Records to use below:
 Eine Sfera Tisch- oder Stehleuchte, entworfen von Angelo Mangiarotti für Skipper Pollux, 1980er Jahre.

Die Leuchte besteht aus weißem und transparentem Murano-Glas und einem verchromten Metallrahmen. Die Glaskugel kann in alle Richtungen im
End of Records to use.
Records to use below:
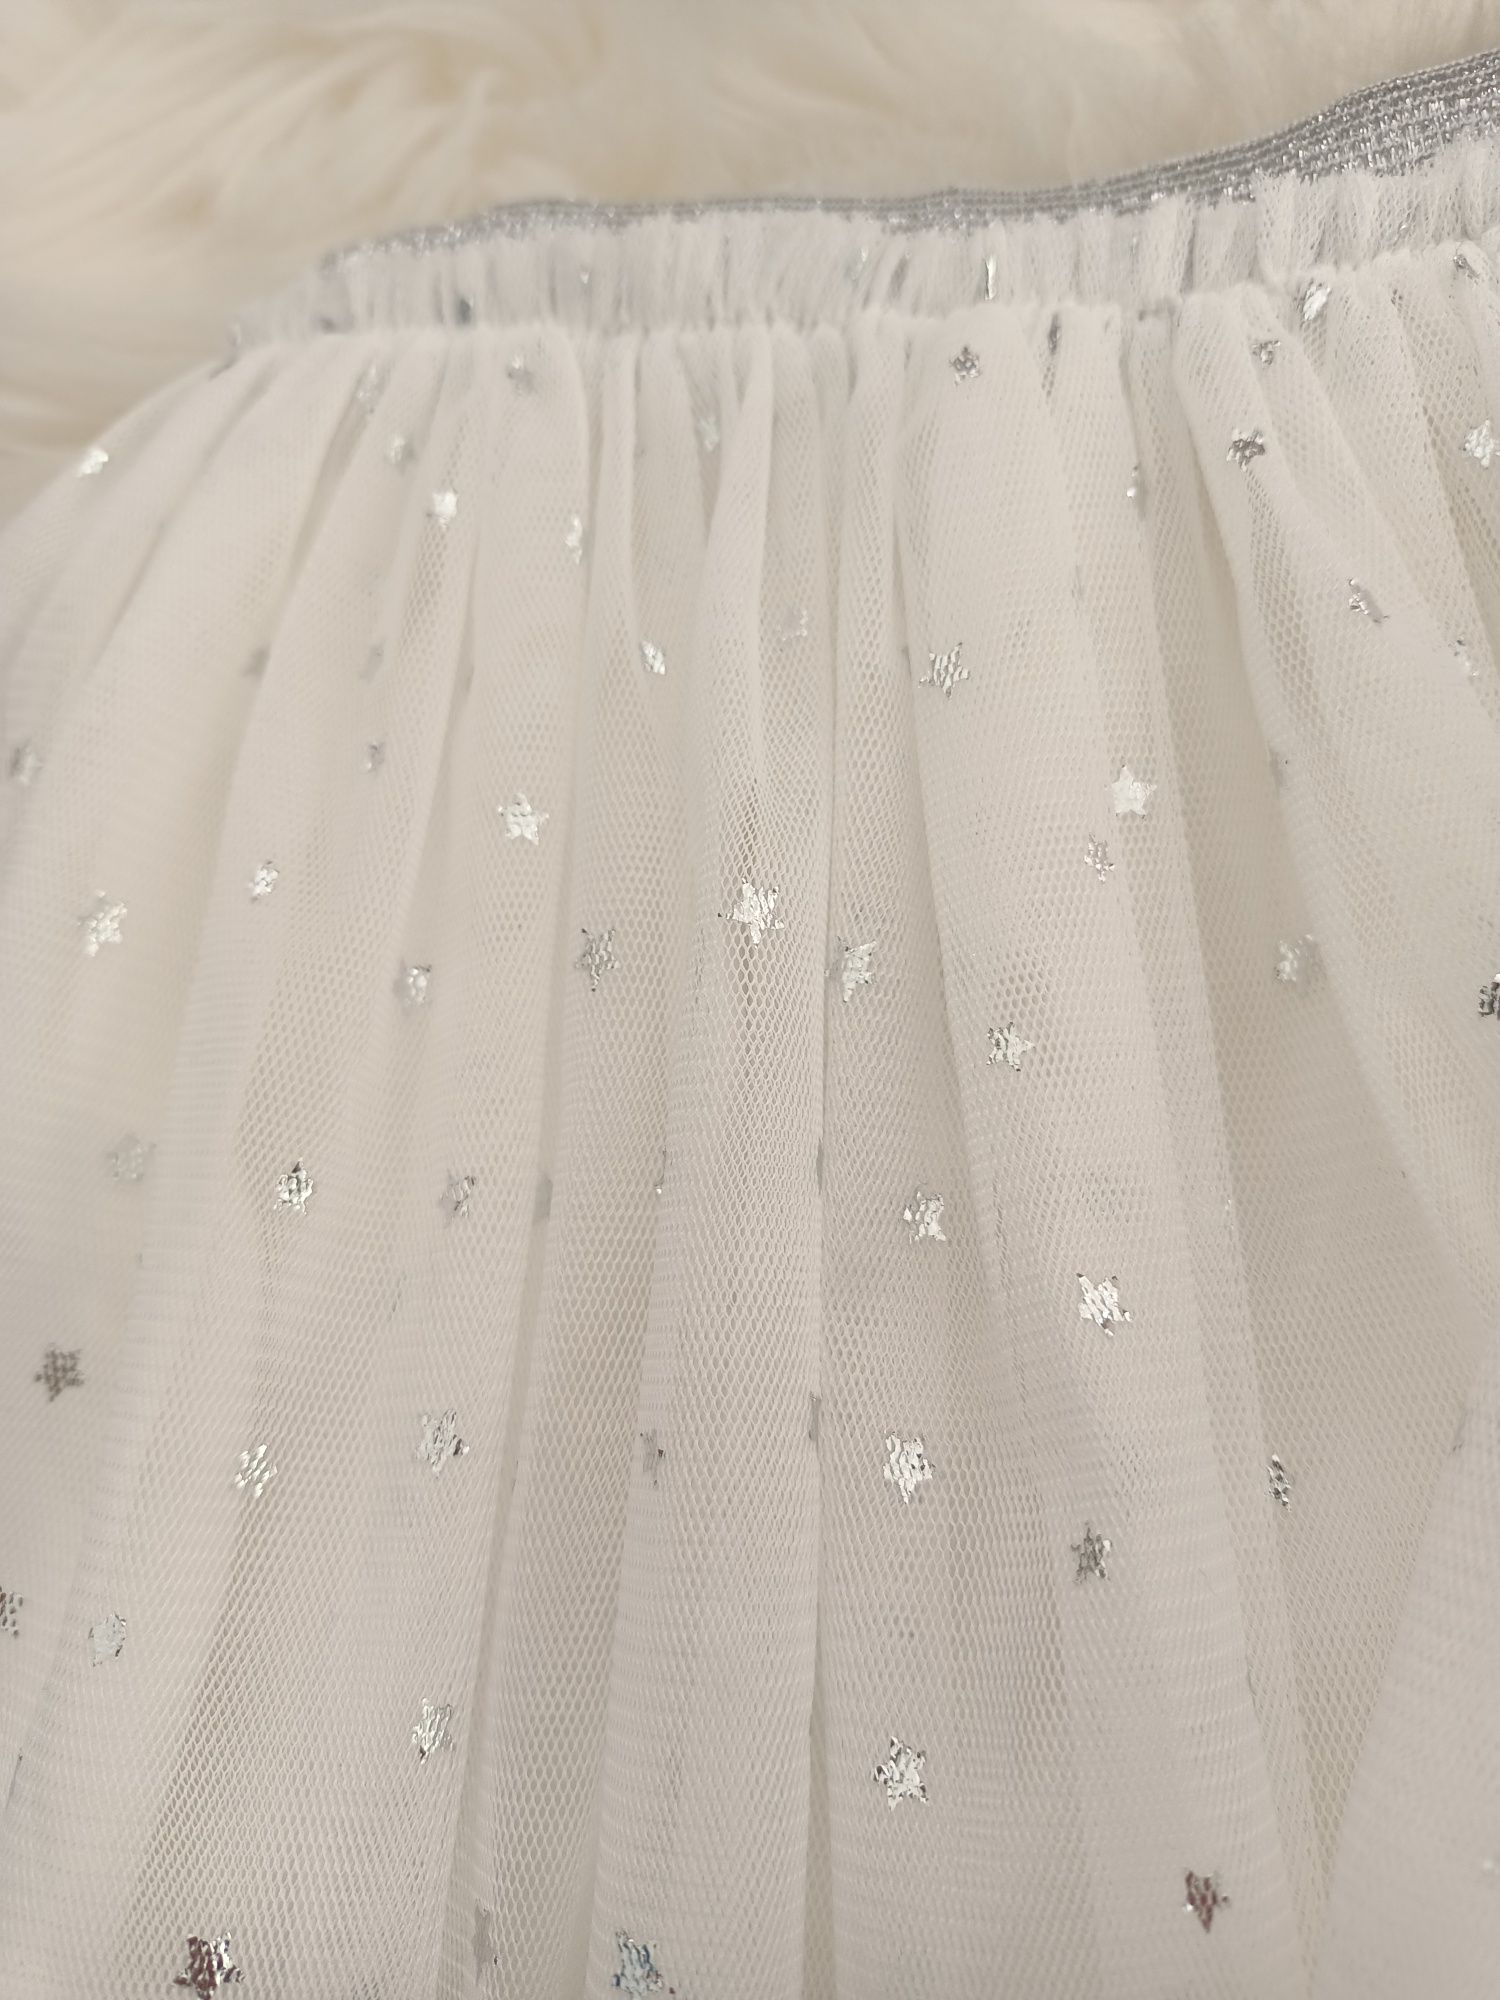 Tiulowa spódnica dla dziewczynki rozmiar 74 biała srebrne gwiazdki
End of Records to use.
= What the task requires =
Give again exactly, and only, the lines above starting at the one with "Eine Sfera Tisch- oder" and ending at the one with "Die Leuchte besteht".

= Response box =
 Eine Sfera Tisch- oder Stehleuchte, entworfen von Angelo Mangiarotti für Skipper Pollux, 1980er Jahre.

Die Leuchte besteht aus weißem und transparentem Murano-Glas und einem verchromten Metallrahmen. Die Glaskugel kann in alle Richtungen im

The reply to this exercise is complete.